• WORK TO COMPLETE: Could the data below be copied exactly, minus the pictures?
▬▬▬
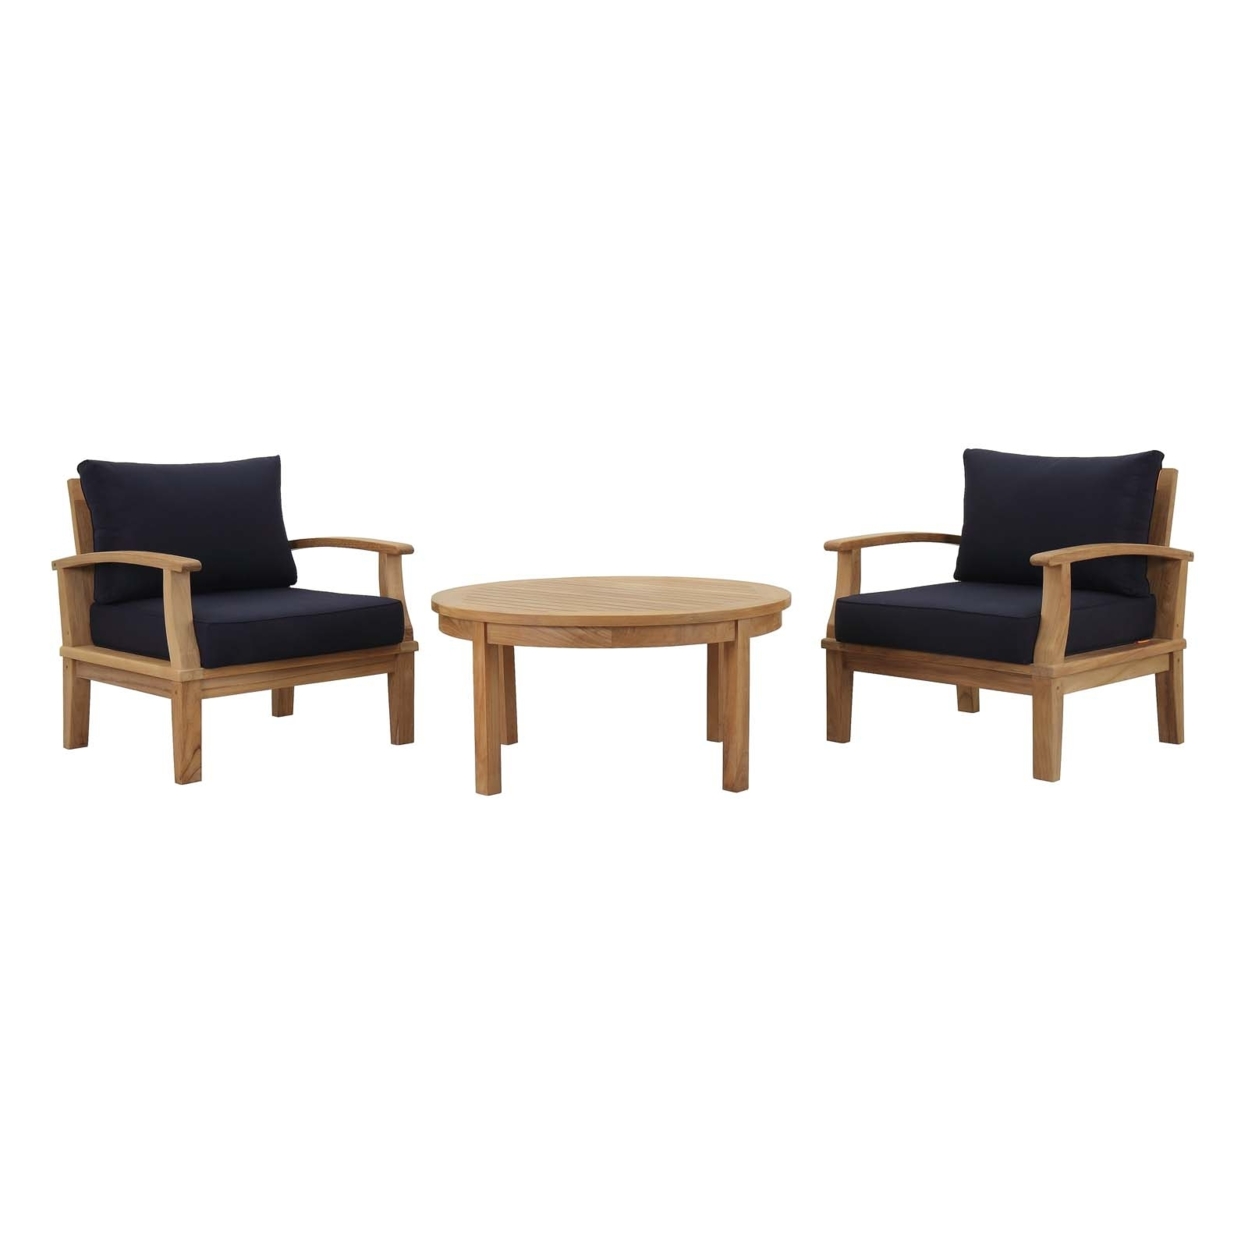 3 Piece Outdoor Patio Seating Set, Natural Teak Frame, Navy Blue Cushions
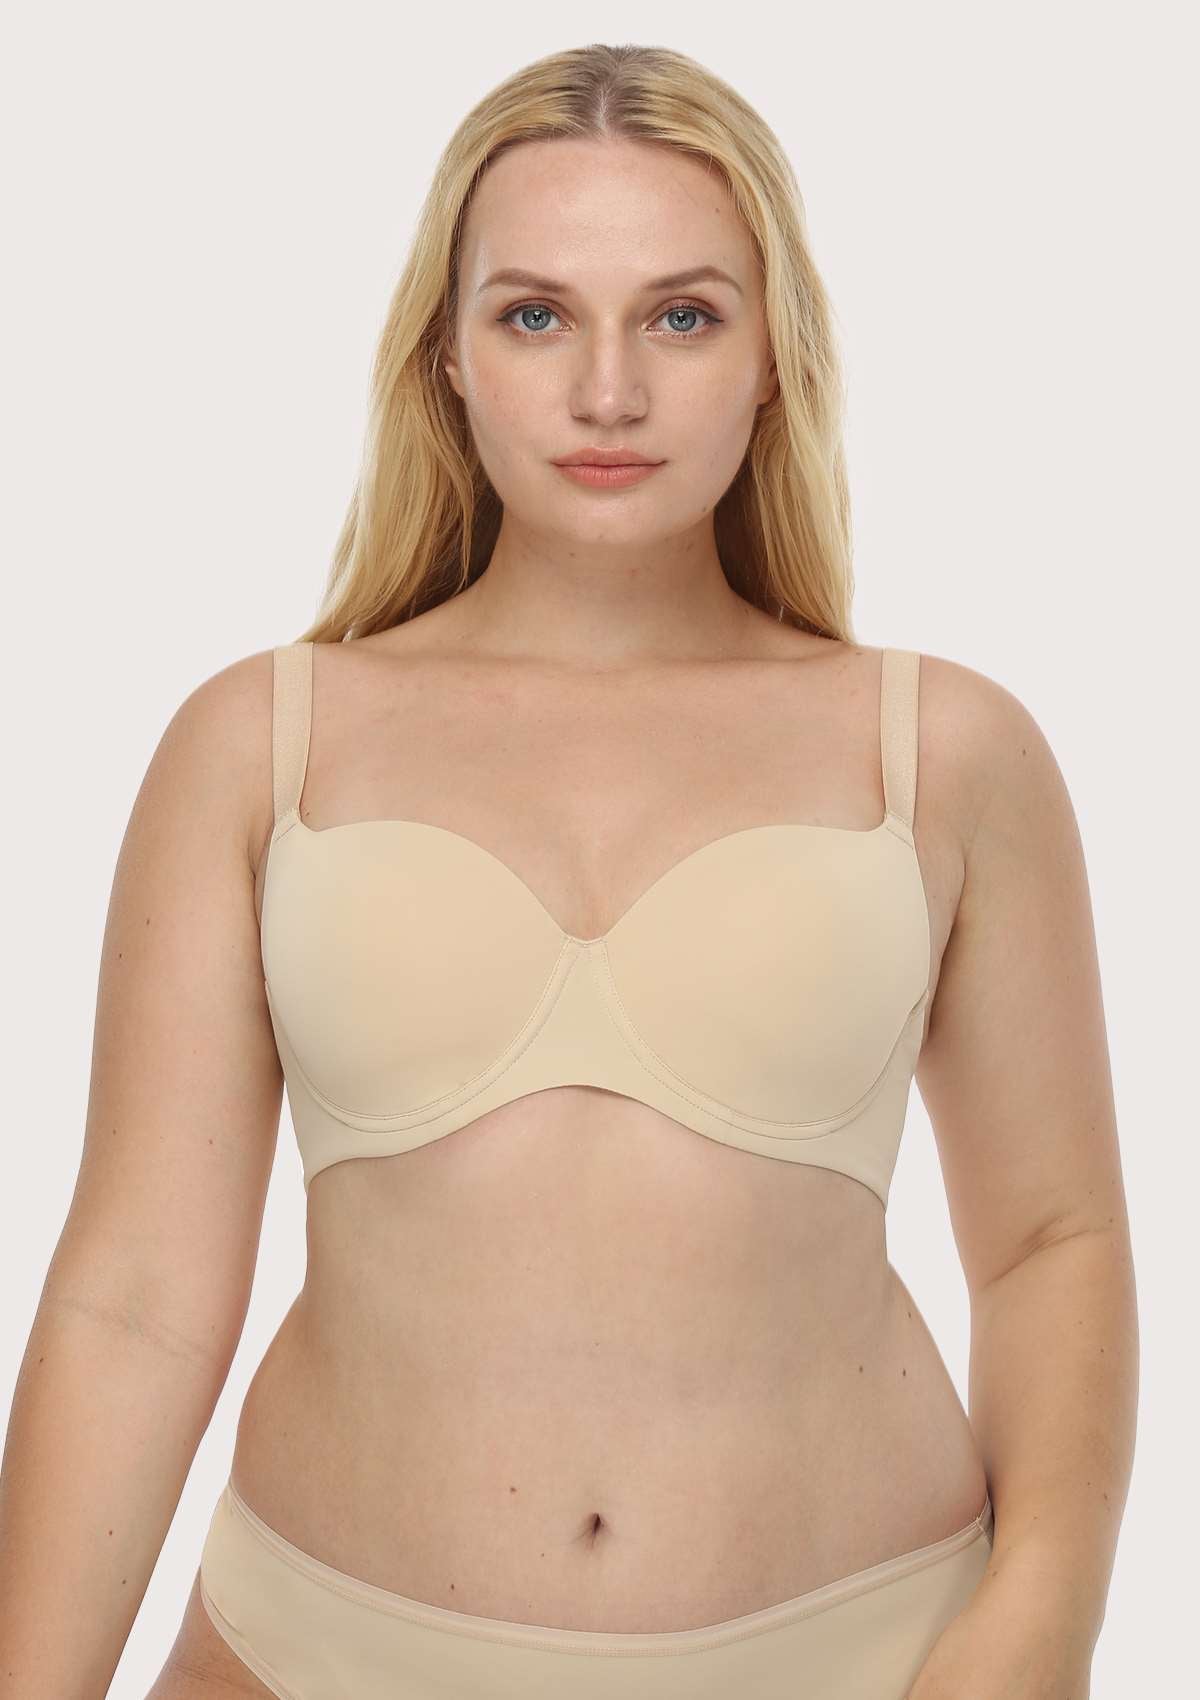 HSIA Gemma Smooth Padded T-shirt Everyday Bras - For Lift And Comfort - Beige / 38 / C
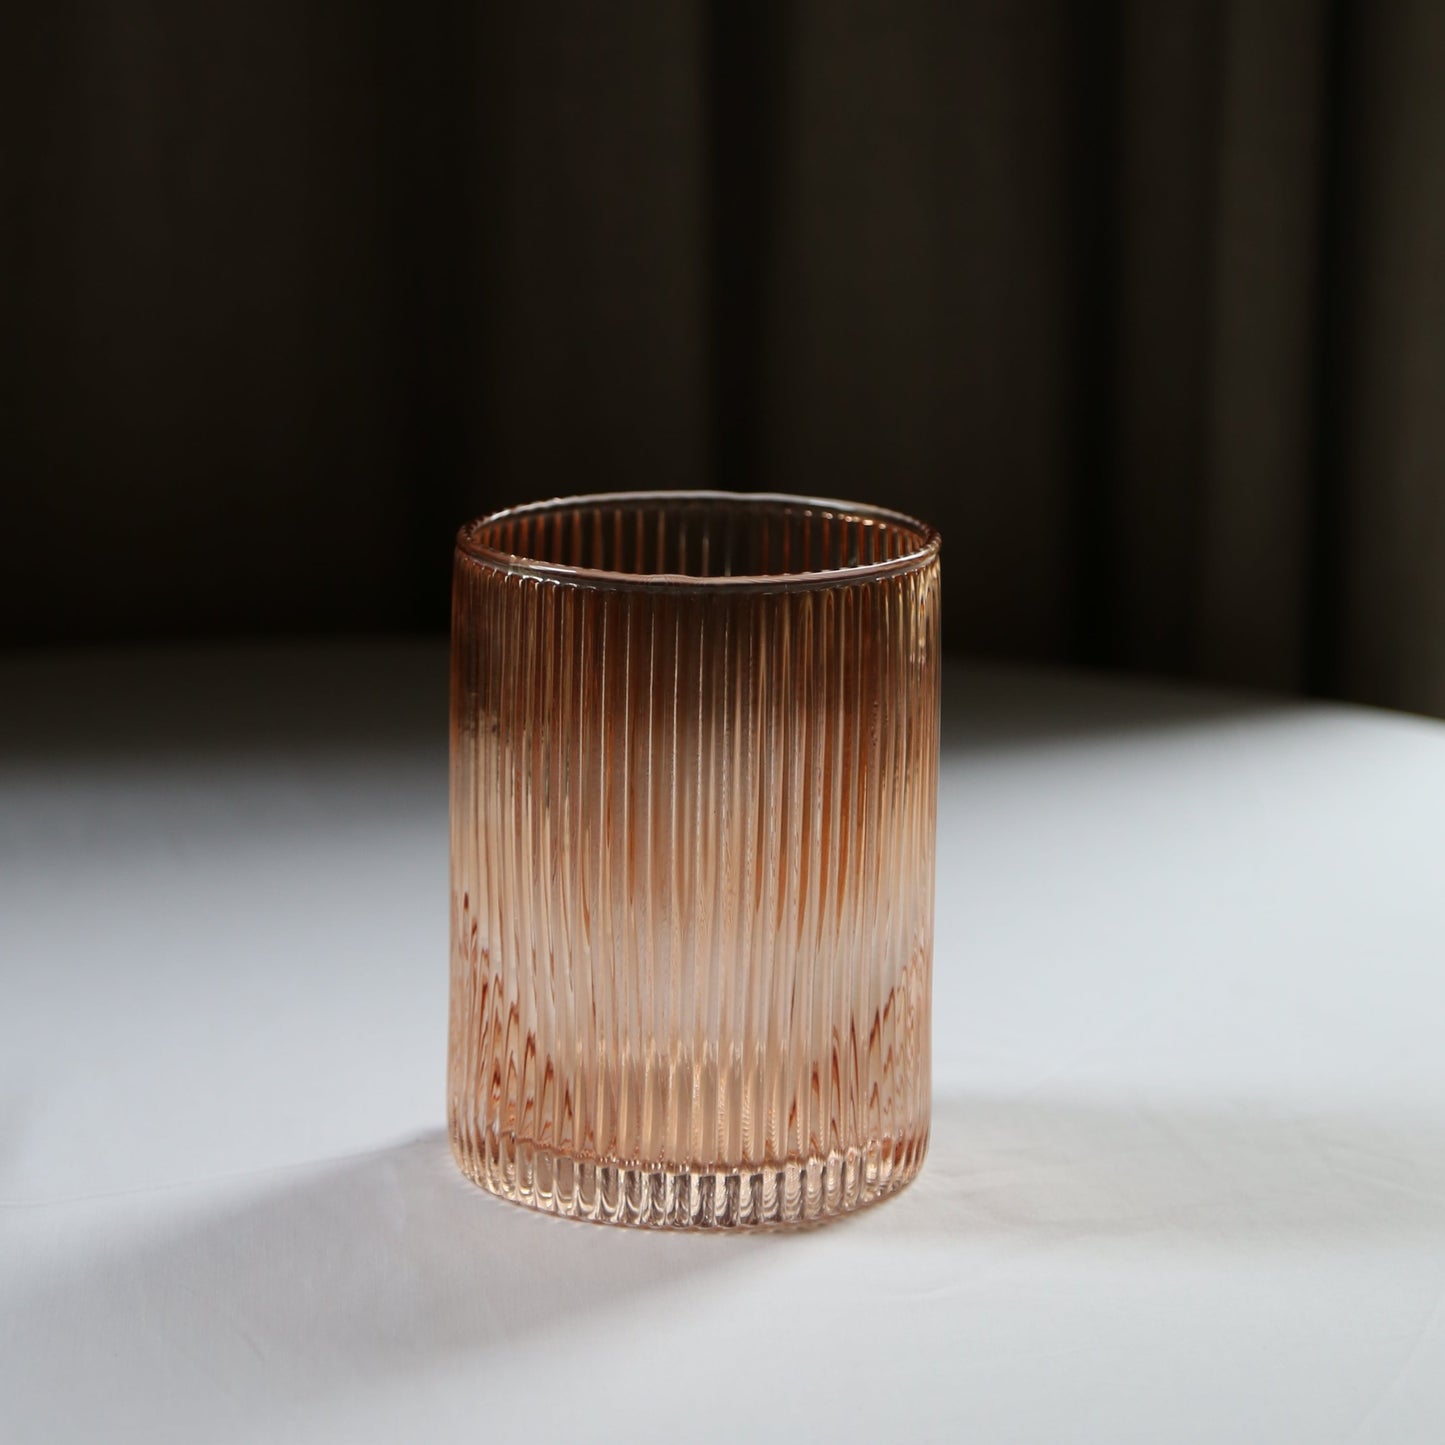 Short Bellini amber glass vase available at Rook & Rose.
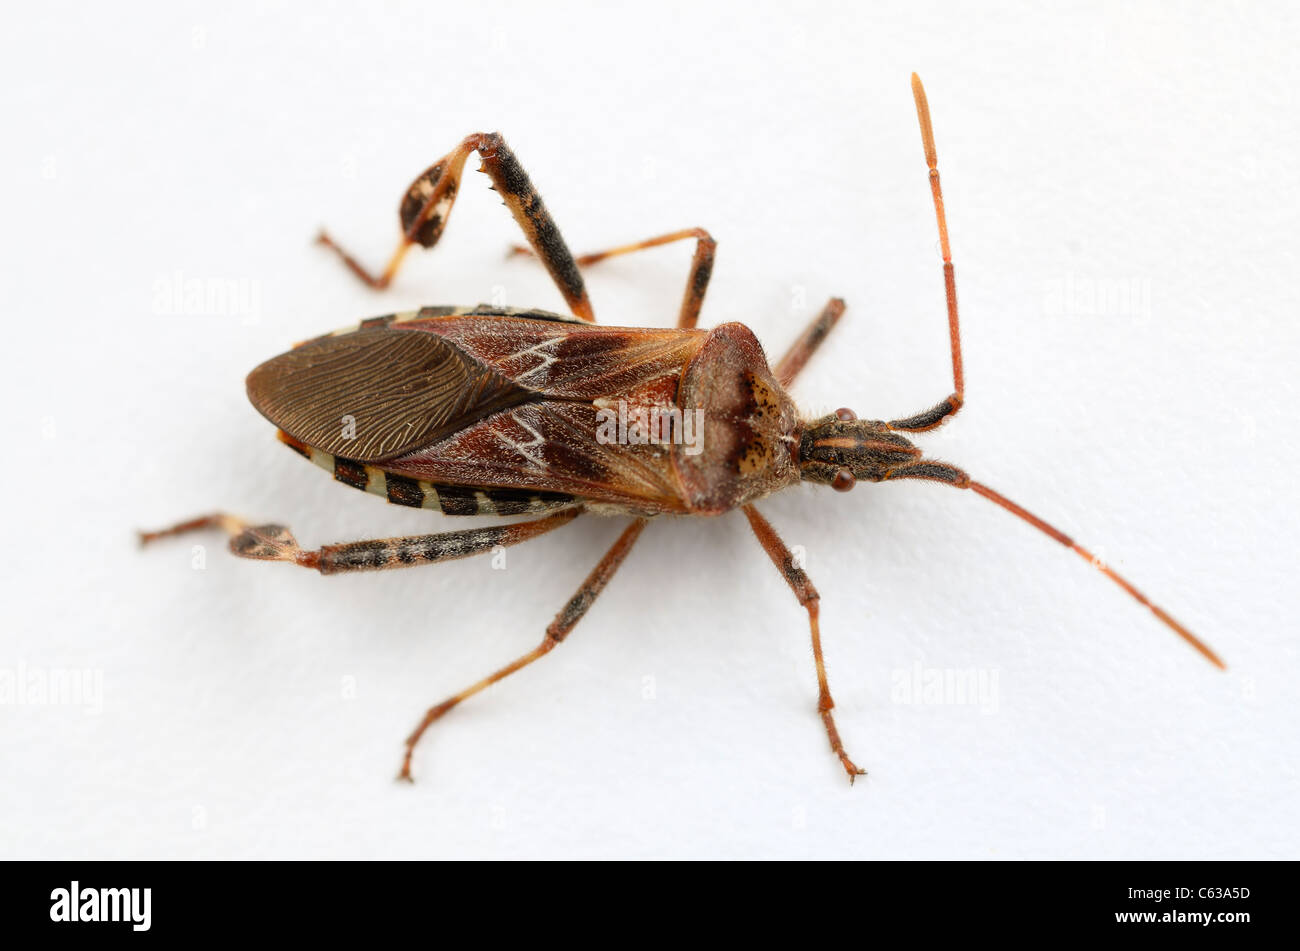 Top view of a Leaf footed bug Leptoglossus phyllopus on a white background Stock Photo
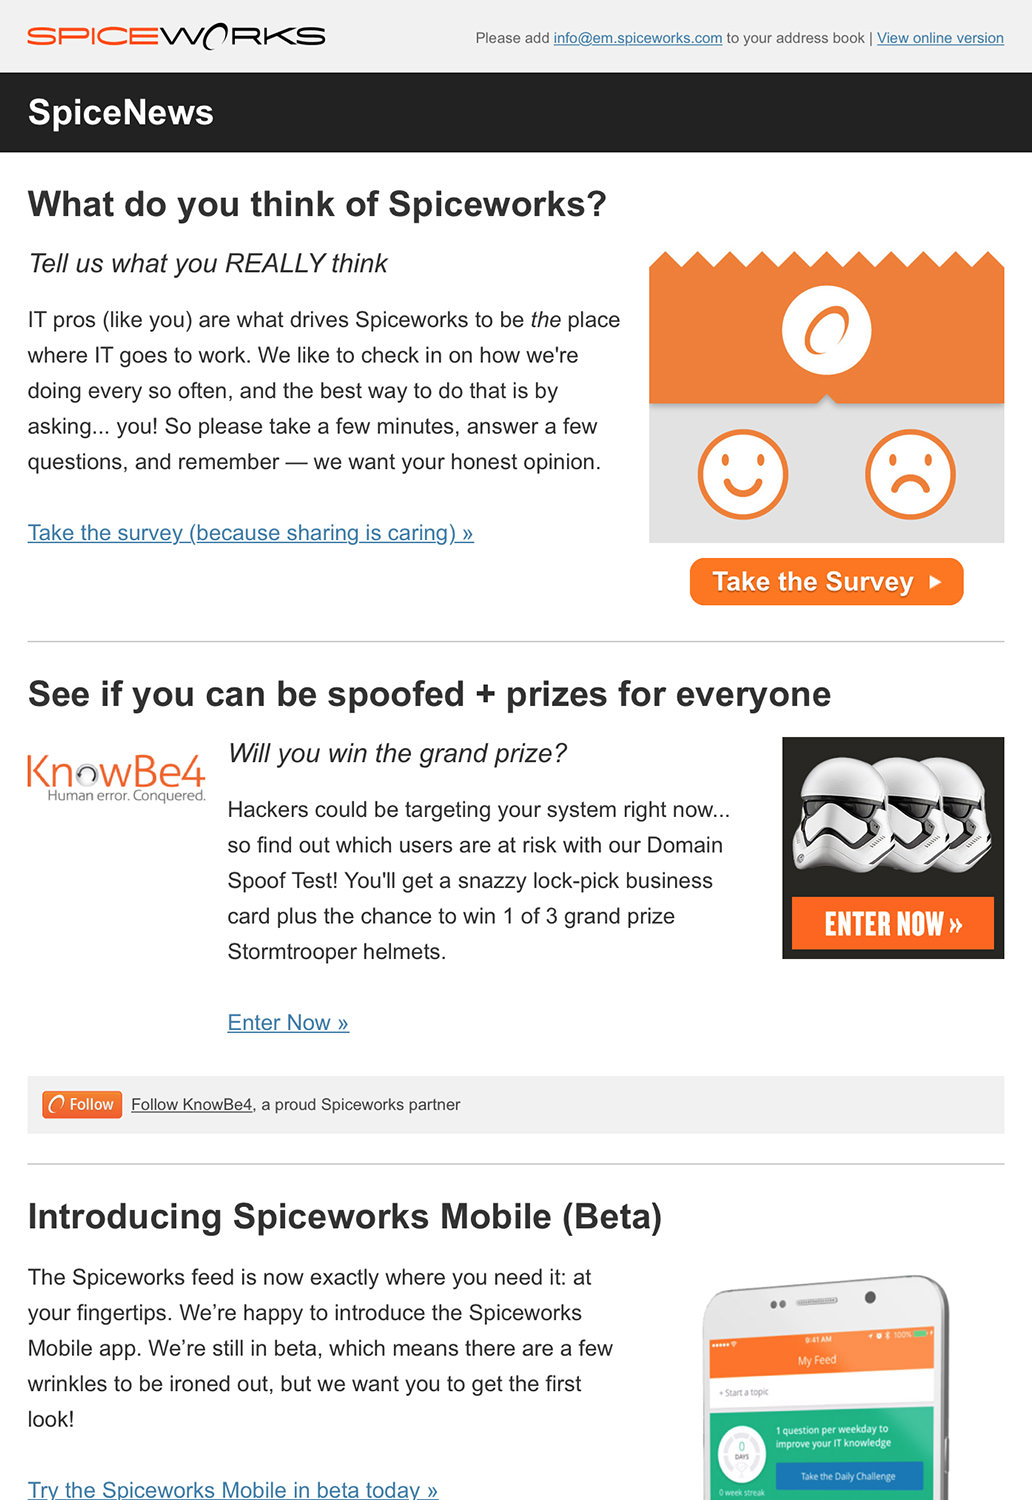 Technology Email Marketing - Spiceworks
▬▬▬
• EXPECTED OUTPUT:
 3 Piece Outdoor Patio Seating Set, Natural Teak Frame, Navy Blue Cushions
 HSIA Gemma Smooth Padded T-shirt Everyday Bras - For Lift And Comfort - Beige / 38 / C
 Short Bellini amber glass vase available at Rook & Rose.
 Top view of a Leaf footed bug Leptoglossus phyllopus on a white background Stock Photo
 Technology Email Marketing - Spiceworks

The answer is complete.